## Instructions to follow
Work through the records that follow and return each line containing the word "Show".

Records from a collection

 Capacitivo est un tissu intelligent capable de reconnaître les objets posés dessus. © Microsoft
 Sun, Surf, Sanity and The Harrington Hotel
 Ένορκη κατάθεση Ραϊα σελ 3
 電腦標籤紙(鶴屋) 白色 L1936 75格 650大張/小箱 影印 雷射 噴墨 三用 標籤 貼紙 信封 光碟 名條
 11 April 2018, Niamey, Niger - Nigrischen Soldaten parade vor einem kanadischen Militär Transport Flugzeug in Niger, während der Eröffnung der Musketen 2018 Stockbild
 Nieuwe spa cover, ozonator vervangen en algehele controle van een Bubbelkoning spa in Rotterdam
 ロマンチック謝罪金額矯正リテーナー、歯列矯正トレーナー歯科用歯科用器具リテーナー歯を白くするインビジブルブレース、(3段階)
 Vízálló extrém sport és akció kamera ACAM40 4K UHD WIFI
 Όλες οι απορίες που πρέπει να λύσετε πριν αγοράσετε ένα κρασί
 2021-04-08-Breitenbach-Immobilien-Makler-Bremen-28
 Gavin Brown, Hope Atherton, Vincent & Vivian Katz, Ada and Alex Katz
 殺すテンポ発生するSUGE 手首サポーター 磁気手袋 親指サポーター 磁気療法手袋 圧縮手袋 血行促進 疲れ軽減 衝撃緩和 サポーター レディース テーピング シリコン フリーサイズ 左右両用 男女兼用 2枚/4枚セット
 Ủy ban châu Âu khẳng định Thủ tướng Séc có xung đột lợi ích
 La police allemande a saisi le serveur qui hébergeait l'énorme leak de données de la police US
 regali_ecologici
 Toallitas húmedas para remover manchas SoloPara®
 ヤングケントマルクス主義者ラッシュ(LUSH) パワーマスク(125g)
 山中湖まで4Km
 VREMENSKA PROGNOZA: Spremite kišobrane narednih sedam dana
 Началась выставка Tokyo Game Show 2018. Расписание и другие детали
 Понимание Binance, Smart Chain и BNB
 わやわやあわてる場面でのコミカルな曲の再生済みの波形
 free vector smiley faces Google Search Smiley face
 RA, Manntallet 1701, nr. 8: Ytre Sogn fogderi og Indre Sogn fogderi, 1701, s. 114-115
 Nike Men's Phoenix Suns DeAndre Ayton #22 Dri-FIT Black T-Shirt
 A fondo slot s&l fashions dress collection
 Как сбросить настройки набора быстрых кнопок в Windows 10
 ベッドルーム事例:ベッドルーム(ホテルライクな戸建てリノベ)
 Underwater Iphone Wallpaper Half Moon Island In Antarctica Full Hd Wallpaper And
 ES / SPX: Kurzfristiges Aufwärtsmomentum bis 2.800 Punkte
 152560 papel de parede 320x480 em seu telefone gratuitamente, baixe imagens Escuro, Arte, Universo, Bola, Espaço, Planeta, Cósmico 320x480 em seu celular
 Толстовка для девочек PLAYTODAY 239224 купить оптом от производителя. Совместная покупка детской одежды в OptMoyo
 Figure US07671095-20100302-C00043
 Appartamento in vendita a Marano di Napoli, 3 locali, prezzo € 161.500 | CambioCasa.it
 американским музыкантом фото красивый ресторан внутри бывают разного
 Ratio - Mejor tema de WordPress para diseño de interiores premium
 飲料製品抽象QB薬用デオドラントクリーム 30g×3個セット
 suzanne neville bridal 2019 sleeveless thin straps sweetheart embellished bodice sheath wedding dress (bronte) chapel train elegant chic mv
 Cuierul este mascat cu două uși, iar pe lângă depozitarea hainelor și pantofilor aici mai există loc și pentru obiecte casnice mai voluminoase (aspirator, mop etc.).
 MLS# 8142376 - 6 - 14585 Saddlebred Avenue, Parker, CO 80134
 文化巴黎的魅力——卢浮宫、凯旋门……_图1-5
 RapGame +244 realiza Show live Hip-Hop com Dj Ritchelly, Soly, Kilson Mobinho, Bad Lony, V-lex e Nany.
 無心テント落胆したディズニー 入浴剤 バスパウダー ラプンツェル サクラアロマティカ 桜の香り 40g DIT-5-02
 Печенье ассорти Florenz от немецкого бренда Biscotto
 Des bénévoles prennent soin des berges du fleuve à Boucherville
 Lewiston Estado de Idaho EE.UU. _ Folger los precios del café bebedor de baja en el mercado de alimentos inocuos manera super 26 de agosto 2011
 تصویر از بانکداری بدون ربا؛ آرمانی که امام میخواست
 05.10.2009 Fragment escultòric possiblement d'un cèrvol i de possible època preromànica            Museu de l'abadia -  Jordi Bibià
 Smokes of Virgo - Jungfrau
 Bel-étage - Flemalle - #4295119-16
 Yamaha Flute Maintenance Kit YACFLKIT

## Answer box
 Началась выставка Tokyo Game Show 2018. Расписание и другие детали
 RapGame +244 realiza Show live Hip-Hop com Dj Ritchelly, Soly, Kilson Mobinho, Bad Lony, V-lex e Nany.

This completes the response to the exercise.